Take a Bow

by sleep_and_feel_no_pain



Category: Slipknot (Band), Stone Sour
Genre: Angst, Established Relationship, General Relationship Issues, M/M, semi-hurt/comfort
Language: English
Status: Completed
Published: 2018-10-27
Updated: 2018-10-27
Packaged: 2019-08-08 03:42:04
Rating: Teen And Up Audiences
Warnings: No Archive Warnings Apply
Chapters: 1
Words: 1,821
Publisher: archiveofourown.org
Story URL: https://archiveofourown.org/works/16421753
Author URL: https://archiveofourown.org/users/sleep_and_feel_no_pain/pseuds/sleep_and_feel_no_pain
Summary: Jim awakens to find Corey’s not beside him in the bed anymore.





	Take a Bow

**Author's Note:**

  * For [Synnerxx](https://archiveofourown.org/users/Synnerxx/gifts).
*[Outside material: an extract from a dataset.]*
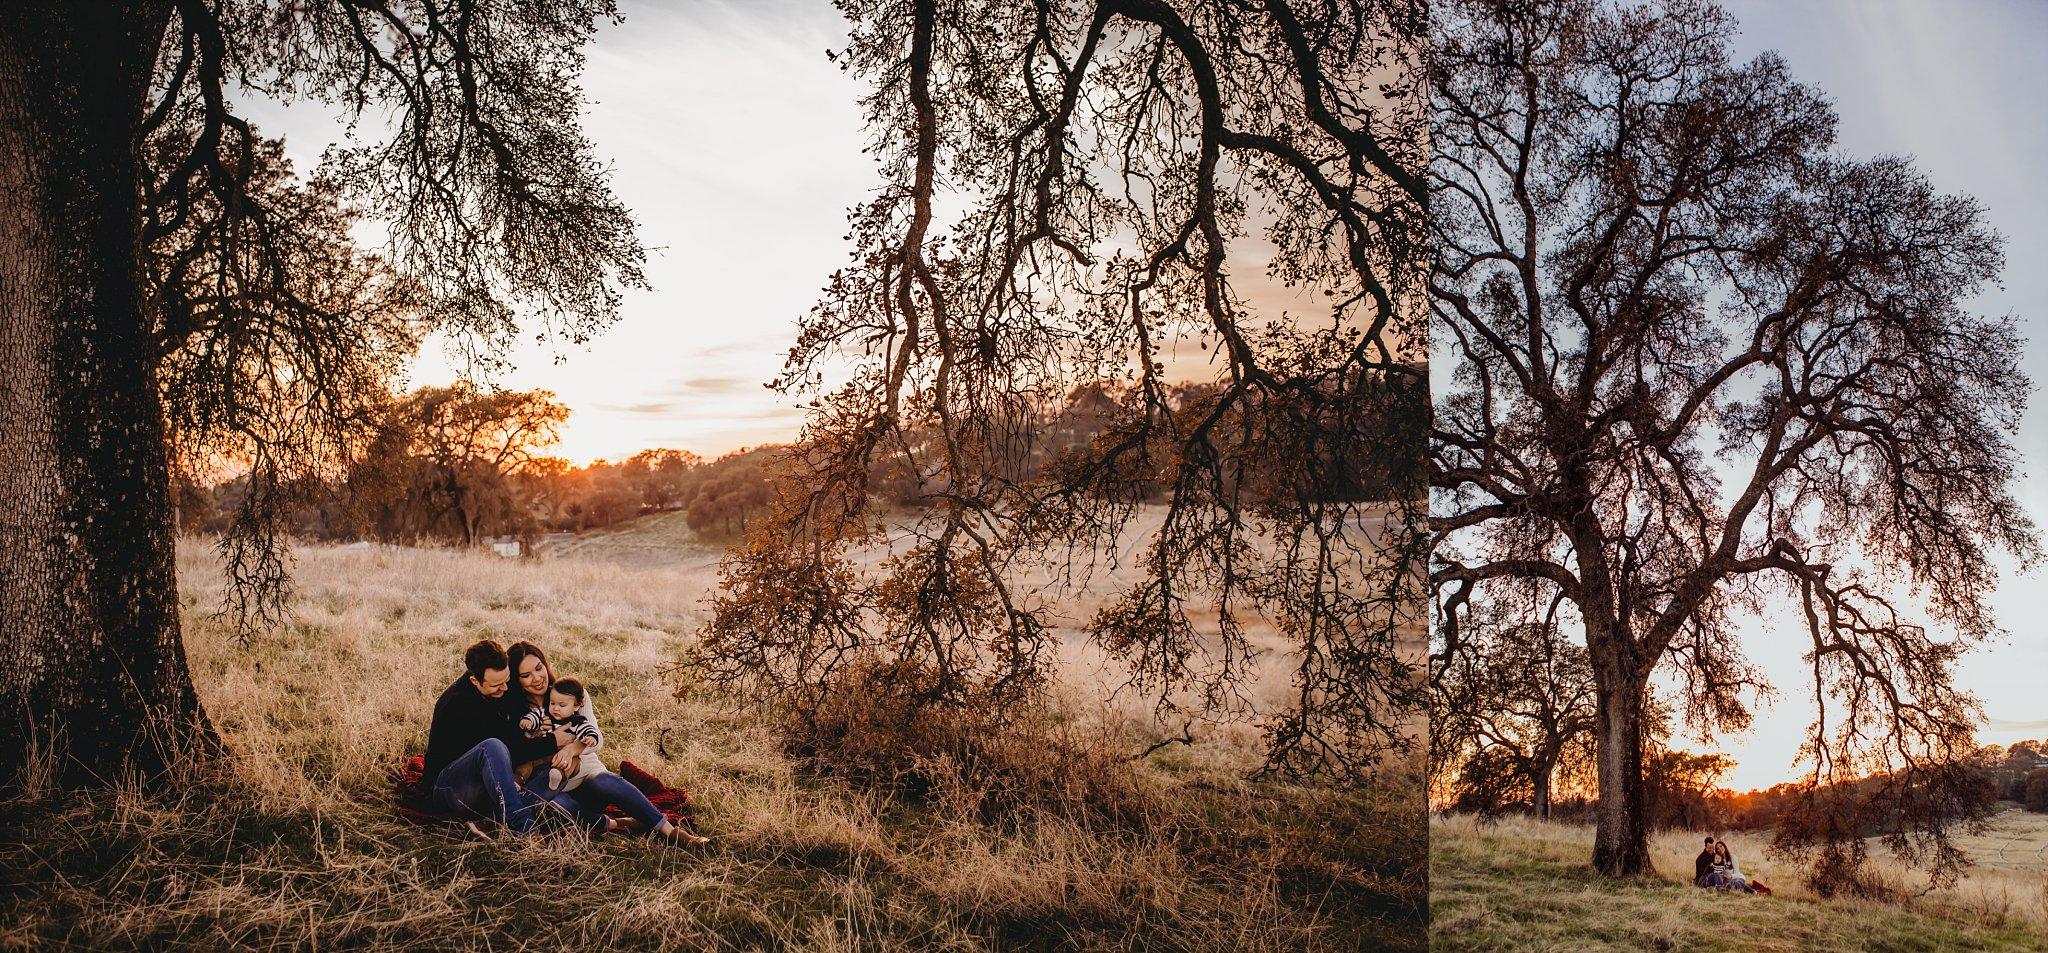 Family photo session, family sitting under tree, sunset, Becci Ravera Photography

> Written as a thank-you for Synnerxx. 
> 
> This is my first try at Jim/Corey, and to be honest, I’m still not happy with it. I already took it down once and added another 800+ words to see if it would help. Oh well, I tried.

Jim’s eyes snap open, blinking blearily, and he scrubs at the grittiness with the heel of one hand as his brain tries to sort out what it was that woke him. The house is quiet, and the green light of the numbers on the clock at bedside greet him as he squints at them. 

4:23.

He rolls over, intent on just curling back up to go back to sleep. Corey’s absent on the other side of the bed he’d occupied when they’d both fallen asleep, but Corey’s always kept crazy hours anyway. No big deal.

But there’s this nagging feeling clawing at the pit of his stomach.

Something. Something. 

He pushes back at the thought, at the gnawing, squirmy feeling settling there more fully, at the dull beat of his own heart hammering away at his eardrums as he holds his breath, listening.

Nothing. Still nothing.

_Something._

Another few minutes pass, Jim’s eyes squinting closed, before he tosses back the blanket with a low growl of frustration, long legs swinging over the side of the bed. The sound of his bare feet slapping the hardwood is so loud in the silence as he rises from the bed and makes his way to the bathroom. 

He can see the rim of light around the edges of the door, and he knows Corey’s in there. He pauses, holding his breath again, straining his ears to see if he hears anything untoward. 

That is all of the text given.